Durdu, gülümsediğini hissettim.
"Benden mi?"
"Evet."
"Gözlerine aşık olan adama mı bakmaktan utanıyorsun?"
Gözlerimi açtım. Ve ona baktım.

"Beni hala seviyor musun Ulaş? Hala bana aşık mısın?"
Kaşlarını çattı,
"Hiç bir şey değişmedi ki duygularım değişsin."
"Ben iğrenç bir insan oldum Ulaş."
"Sen iğrenç bir insan olmak için hiç bir şey yapmadın Mavi."
"Ama bana yaptılar. İğrenç bir insan olmam için ellerinden gelen her şeyi yaptılar."
"Asıl sen iğrenç bir insan olmamak için bunların hepsine katlandın...bak, yanımdasın. Daha ne isteyebilirim ki?"
"Beni affetme demiştim sana."
"Sana hiç küsmedim ki."
Kısa bir süre gözlerime baktı.
"Mavi...ben sana nasıl küsebilirim...nasıl kıyabilirim...nasıl iğrenç diyebilirim...sen benim her şeyimsin..."

"Çok canım yanıyor...her geçen gün daha çok yanıyor...acıyor...sızlıyor...ağrıyor..."
"Gel yaralarını ben sarayım."

"Ayaz mayaz umrumda değil...sen varsın, gerisi önemli değil...istersen bu işleri bile bırakabiliriz...senin için yaparız bunu Mavi, sen gittin ben mahvoldum şimdi sen geldin ve ben tekrar doğdum."

"Ama ben yok oldum..."
"Güzelim..."
"Ben güzelin değilim Ulaş."
"Sen benim her zaman güzelimsin"
"Değilim...güzel de değilim artık...belki de hiç bir zaman olmadım."
"Neden bana bakmaktansa şu boş manzaraya bakmayı tercih ediyorsun?"
Gözlerimi ona çevirdim.
"Bakıyormuş gibi de hissetmiyorum ki..." Yutkundum.
"Sanki görmüyormuş gibi...görüyormuş da unutmuş gibi...hatırlaması imkansız gibi..."
"Hiç bir şey imkansız değildir."
"Ulaş...şu 3 yılda öğrendiğim en büyük şeylerden biri, umutların bir saçmalıktan ibaret olmasıydı... inandığım hiç bir şeye inanmıyorum artık...umut yok...umut o adamın odama girdiği gün sona erdi benim için."
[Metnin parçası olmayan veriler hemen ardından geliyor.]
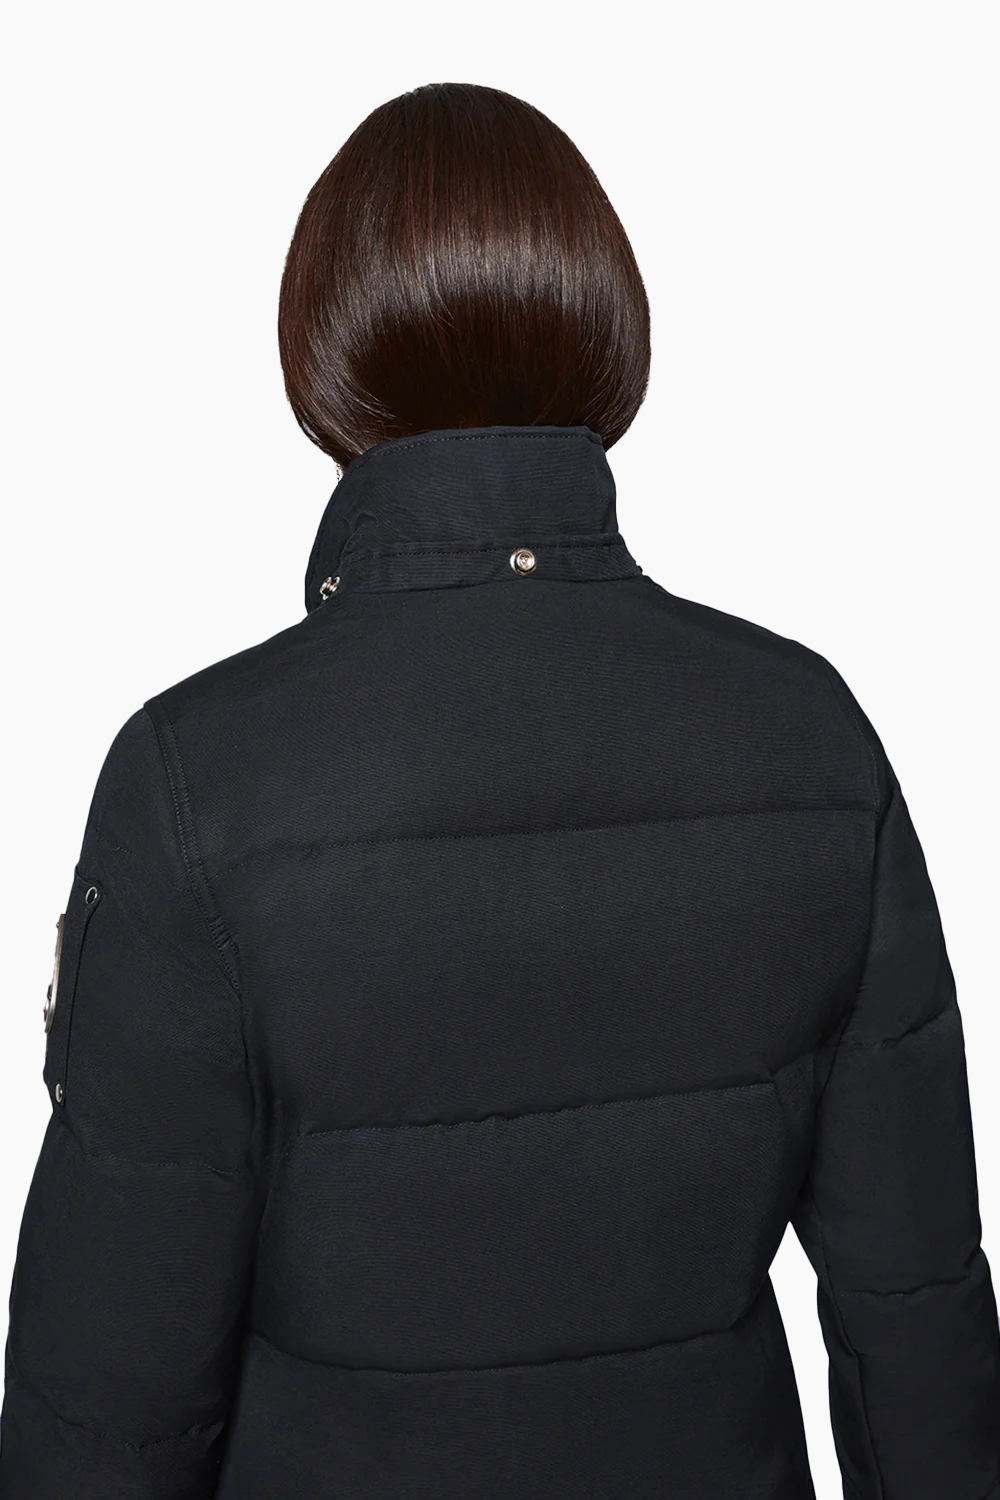 Moose Knuckles Ladies 3Q Jacket in Black with Black fur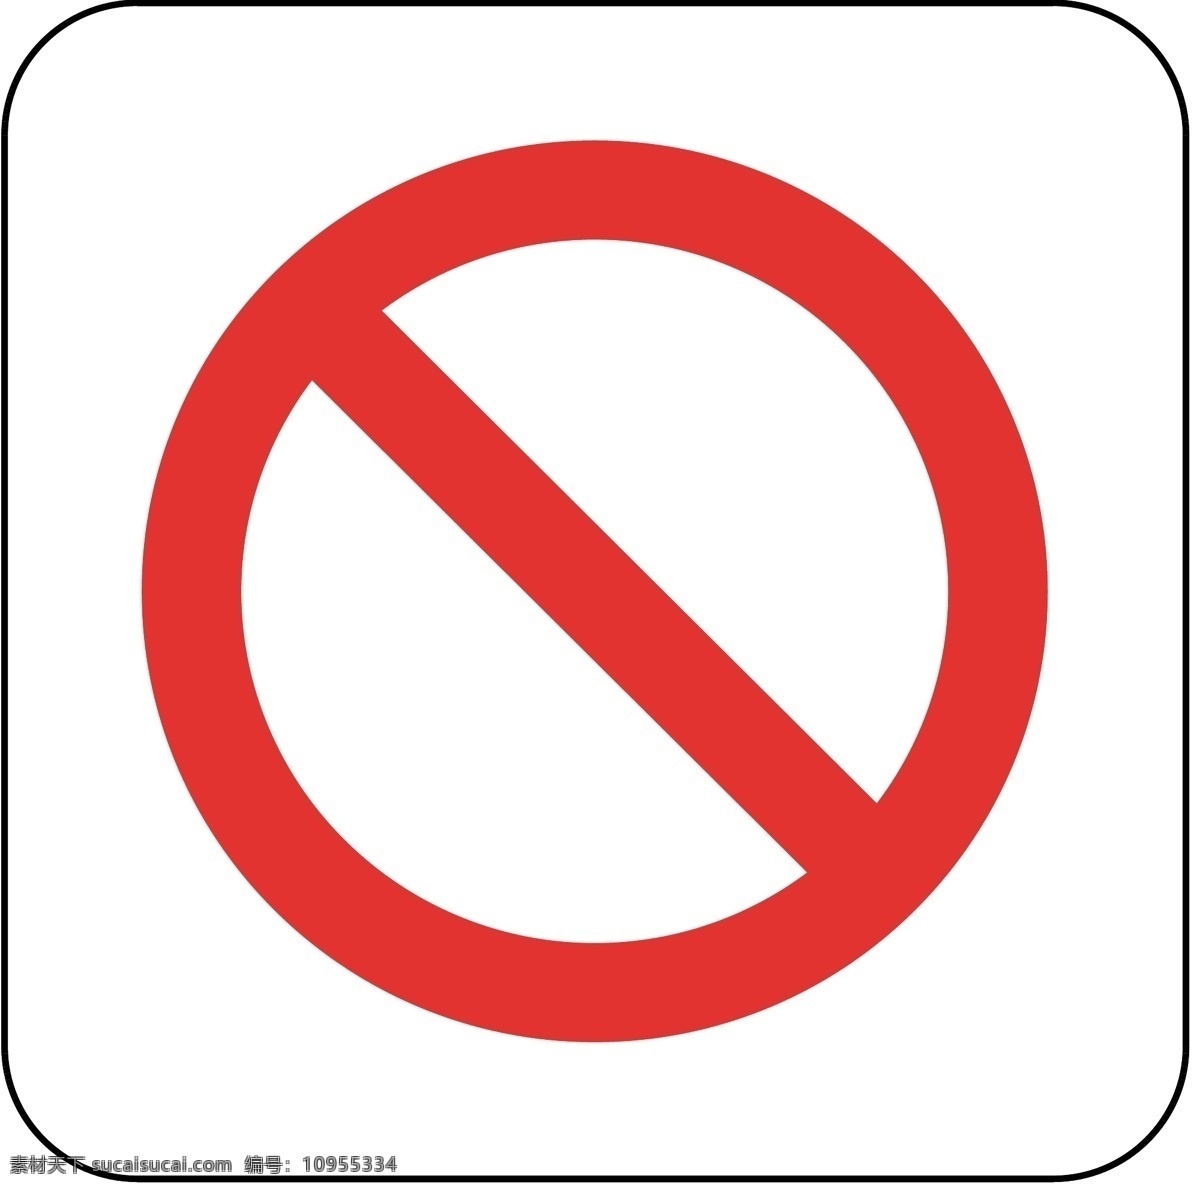 禁止标识 禁止通行 禁止通过 停车 停止 禁行 限行 请勿通行 不许通过 标志图标 公共标识标志

"Özür dilerim...seni bulamadım...yapamadım...başka birisine bıraktım...özür dilerim."
"Özür dilenmesini de dilemeyi de sevmezsin sen. Zorlama kendini."

Durdu.
"Bunu bana neden yapıyorsun Mavi."
"Neyi?"
"Sana yardımcı olmaya çalışıyorum."
"Yardımcı olmaya çalışman gereken bir insan kalmadı ki ortada."
İlk baş sol sonra ise sağ elimi kavradı.
"Mavi...güzelim...güzel gözlüm...sevgilim...tüm yaralarını sarmaya yemin ediyorum...tam şu anda...bana o yazdığın mektubu her gün cebimde taşıdığım, her gece senin odanda senin kokunla yattığım ve belki de o 3 yıl 4 ay 8 gün için...senin o yaralarına bile aşığım ben...o kabuk tutan yaralarının kabuklarını bile saklarım elimde olsa...ve ben senin boyuna posuna güzelliğine değil...sana,senliğine aşık oldum . Duyguların tek taraflı değildi hiç bir zaman...seni korumak,kollamak isterken kollarımın arasından alınman o kadar koydu ki...biz büyüdük ve ben bu zaman çerçevesinde seninle geçiremediğim için kendimi sorumlu tutup kaç gece ağladım biliyor musun? Seni çok seviyorum...sana senliğine o kadar aşığım ki...ve bunu kaybetmeni de istemiyorum...bunları kaybetmemeni sağlayacağım ben. Bak, buradayım...her zaman her an buradayım Mavi...yine yanımdasın...o adam odana girmeyecek artık... korkularını kendinden korkutmanın vakti gelmedi mi sence?"
O konuşurken benim gözlerim dolmuştu.
"Ayaz bu gün..."
"Şu an Ayaz hakkında konuşmak istemiyorum" Yutkundum.
"Seni tanımadığımı söyledi...o an ne demek istedi Ulaş?"
"O beni korkutucu buluyor,acımasız sanıyor."
"Serhat'ın ayağına sıktığı için onu evden kovmuşsun."
"Çok ileri gitmişti."
"Sence bu evde adalet var mı Ulaş?"
Kaşlarını çattı.
"Ha?"
"Adalet var mı yok mu?"
"Bizim çapımızda olduğunu düşünüyorum."
"Peki Yağmurun bir kurşunla abimi göğsünden vurup yıllarca korunması ve Ayazın Serhat'ın ayağına sıkıp evden atılması eşit mi?"
"Mavi...girmeyelim oralara."
"Neden Ulaş? Öğrenmek istiyorum...senden korkmalı mıyım?"
"Hayır tabiki. Ona mı inanıyorsun!"
"Madem bu gece her şey ortaya dökülüyor...dinliyorum."
İç çekti,
"Evet...Ayaz ikizim...aramızda büyük kavgalar oldu ve birbirimizden hoşlanmıyoruz."
"O büyük kavgaları bilmek istiyorum"
"Güzelim...yapma."
"Neyden korkuyorsun Ulaş?"
"Hiç bir şeyden!"
Sesi yükseliyordu, kendini koruma evresine geçiyordu.
Bir şeyler vardı.
"Benden nefret etmeni istemiyorum..." başını öne eğdi.
Çenesini elimle kavrayıp kaldırdım,
"Ben senden nefret etmem Ulaş."
"Ya Ayaz'ın dediği gibiyse...seni bulamadım bile Mavi..."
"Buradayım Ulaş...yanındayım..."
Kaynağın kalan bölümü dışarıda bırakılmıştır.